El artículo 64 del Código Civil, modificatorio del art. 1º de la Ley 95 de 1980, describe el fenómeno de la fuerza mayor, como un imprevisto a que no es posible resistir y el 1.616 del mismo estatuto, advierte que “La mora producida por fuerza mayor o caso fortuito, no da lugar a indemnización de perjuicios”. Agregando: “Las estipulaciones de los contratantes podrán modificar esta regla”.

Ha sido reiterativa la jurisprudencia al señalar los elementos que integran la apreciación de los hechos que constituyen la fuerza mayor con su efecto liberatorio de responsabilidad:

“Ningún acontecimiento en sí mismo constituye fuerza mayor o caso fortuito liberatorio con respecto a una determinada obligación contractual. La cuestión de la fuerza mayor no obedece a una clasificación mecánica de los acontecimientos. Cuando de tal fenómeno jurídico se trata, no solo hay que examinar la naturaleza misma del hecho, sino indagar también si este reúne, con respecto de la obligación inejecutada, los siguientes caracteres: a) no ser imputable al deudor; b) no haber concurrido con una culpa de éste, sin la cual no se habría producido el perjuicio inherente al incumplimiento contractual; c) ser irresistible, en el sentido de que no haya podido ser impedido y que haya colocado al deudor- dominado por el acontecimiento- en la imposibilidad absoluta no simplemente en la dificultad o en la imposibilidad relativa) de ejecutar la obligación; d) haber sido imposible, es decir, que no haya sido lo suficientemente probable para que el deudor haya debido con respecto al acontecimiento de que se trate, como lo hay con respecto a toda clase de acontecimientos, una posibilidad vaga de realización. 

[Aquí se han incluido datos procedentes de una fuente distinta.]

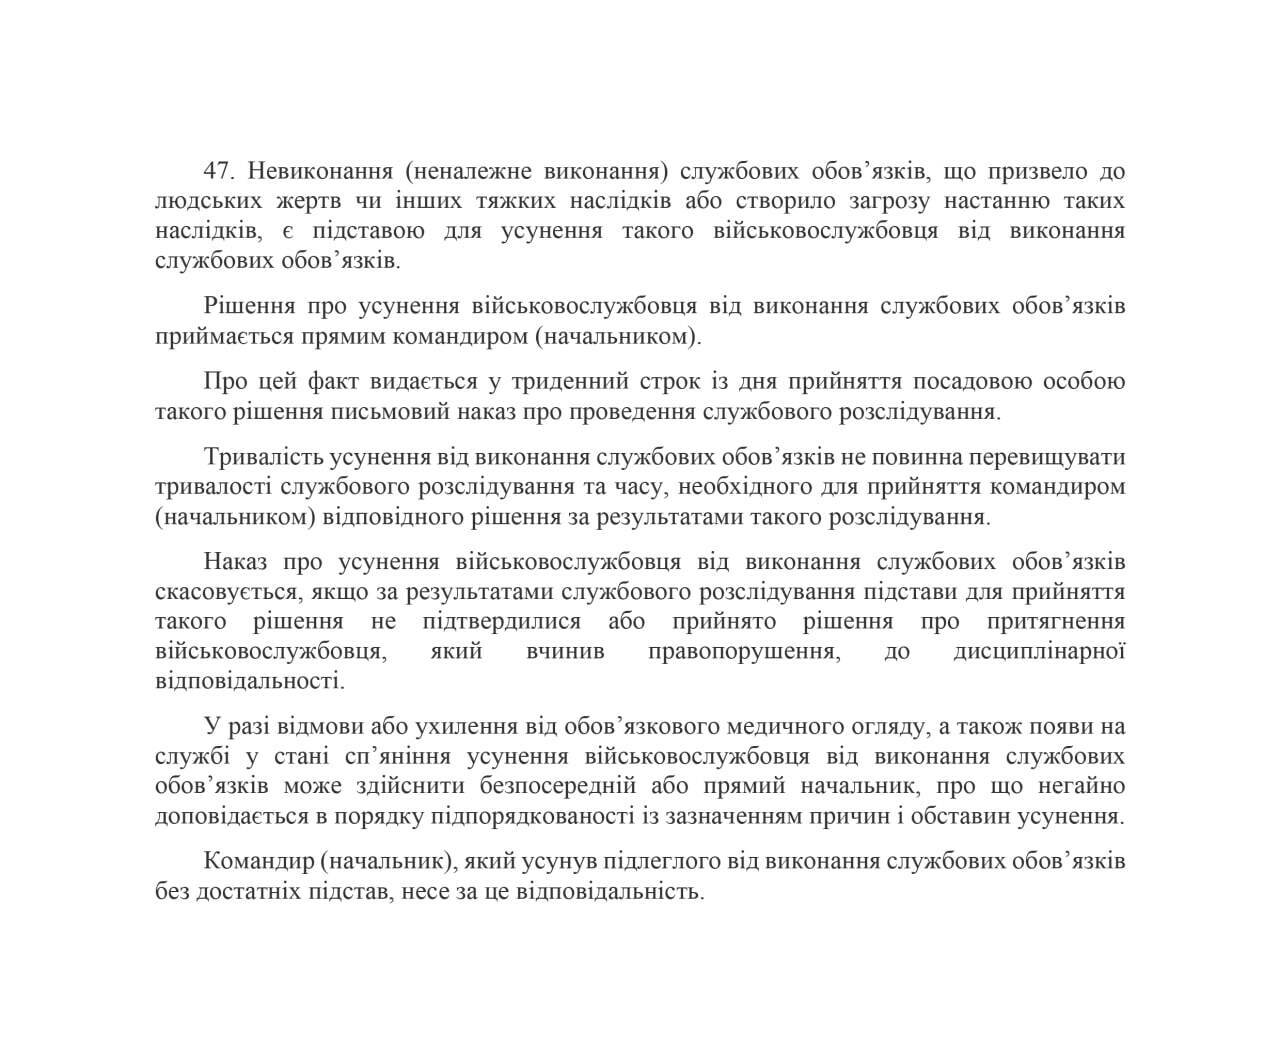 Статья 47 Дисциплинарного устава Вооруженных сил Украины.

“Esos cuatro caracteres de la fuerza mayor liberatoria, (…) pueden reducirse, bien analizadas las cosas, a la noción de imposibilidad de ejecución que se subdivide en varios elementos: en el espacio, imposibilidad de ejecución propiamente dicha, y, en el tiempo, imposibilidad de prever y evitar el acontecimiento”. C.S.J. Sent. 5 de julio 1935. G.J. Tomo XLII, pg. 53.

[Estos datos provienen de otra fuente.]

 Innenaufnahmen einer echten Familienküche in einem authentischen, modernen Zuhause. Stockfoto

En el caso bajo estudio, la obligación de Autopistas del Café es una de las denominadas en la ley, obligación de hacer, cuya prestación debía el Concesionario atender con las especificaciones constructivas acordadas con el INCO y aprobadas por la Interventoría, dentro del plazo dispuesto en el Contrato (Otrosí N°7). La Interventoría, en el reporte de 5 de octubre de 2011, manifestó: “Esta Interventoría considera que el nuevo desplazamiento que se generó en la ladera izquierda en el mes de noviembre de 2010 es un evento que lógicamente genera traumatismos a la programación presentada por la firma concesionaria teniendo en cuenta que se eliminó la posibilidad de la reconstrucción de la calzada a partir del muro de contención inicialmente diseñado y para el cual ya se desarrollaban los trabajos de cimentación”.

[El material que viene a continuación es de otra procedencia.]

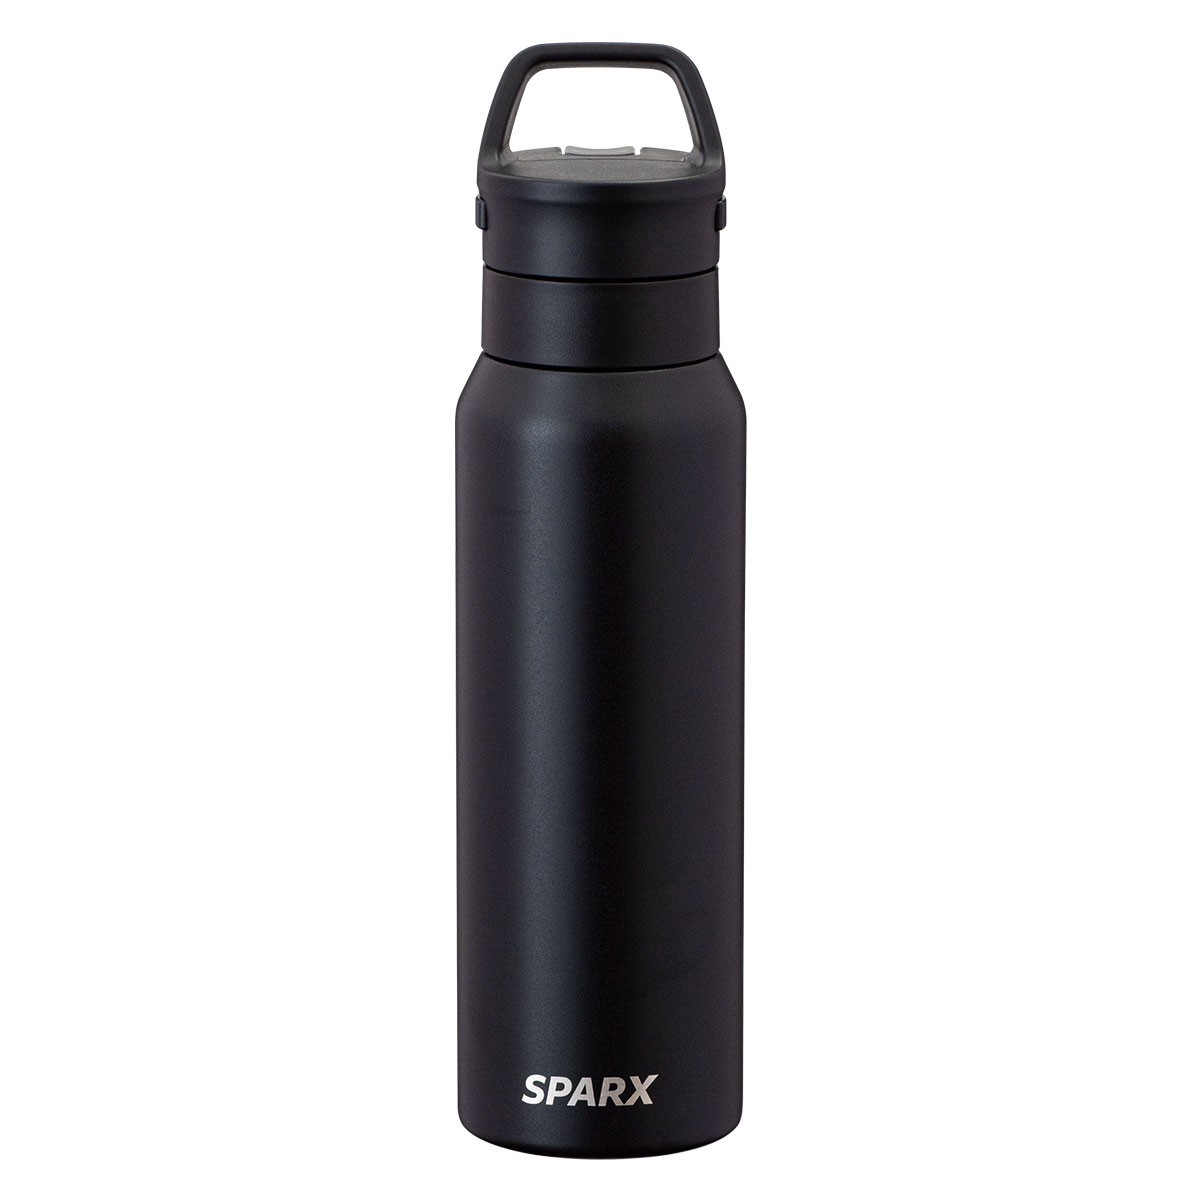 SPARX 真空断熱炭酸用ボトル 750ml ブラック

En palabras del ingeniero Guillermo Otero, durante su testimonio en el proceso, la solución fue: “La primera obra consistió en la construcción de unas presas que tiene el río Chinchiná para controlar el cauce y que se volviera a llenar. O sea, que esto se volviera a llenar de material y ayudara a soportar toda esa tapa acá. Y la segunda fue excavar aquí y construir otro puente al lado del existente. Esta fue la obra complementaria que se hizo para eso”.

Advierte el Tribunal que en el documento CONPES 3107 de 2001, al establecerse la política pública de distribución de riesgos en los contratos de concesión de primera generación, se asignó al concesionario el riesgo de fuerza mayor; no obstante, tanto la Cláusula Vigésima del Contrato de Concesión 0113 de 1997, como el numeral 4º. de la Cláusula Octava del Otrosí y Adicional No. 7 de 2010 (donde se acordó específicamente la obra denominada Quiebra del Billar), incluyeron como eximente de responsabilidad contractual para las partes, la ocurrencia de hechos, debidamente comprobados, “(…) que puedan ser definidos como fuerza mayor o caso fortuito al tenor de lo dispuesto en el artículo primero de la Ley 95 de 1.890”.

Encontrándose entonces demostrados procesalmente, los hechos que originaron las demoras y cambios para la construcción de esta obra, los cuales fueron ajenos del todo a la actividad del Concesionario, quien no podía preverlos por tratarse de un fenómeno imprevisible, en las proporciones inusuales que se presentó provocando la creciente del río, no duda el Tribunal en calificarlos como constitutivos de fuerza mayor y por tanto, impeditivos de imputar responsabilidad a cargo del Concesionario, lo que a su vez, no lo hace acreedor de indemnización alguna a favor de la entidad contratante, lo cual, además, estaba previsto contractualmente, conclusión con la que coincide el Ministerio Público al conceptuar que la variación de los cronogramas de construcción obedeció a hechos imprevistos, imprevisibles irresistibles y externos no imputables al Contratista (pág. 78. Concepto).

Determinada la inexistencia de incumplimiento contractual de la Sociedad Autopistas del Café en la construcción de las obras Circasia 1, Terminación de la Avenida del Ferrocarril - Mandarino y Quiebra del Billar, procede estudiar la naturaleza del perjuicio que la Convocante alega le fue causado debido a los desplazamientos anteriores. Tanto en su demanda como en sus alegatos de conclusión, la ANI sostiene que el daño al patrimonio de la entidad se produce solamente por la circunstancia de no construirse las obras dentro del cronograma pactado inicialmente, lo cual se refleja en el aumento de la TIR que recibe el Contratista, quien, además, va a recibir el producto de los peajes durante el término en que la obra no ha estado ejecutada.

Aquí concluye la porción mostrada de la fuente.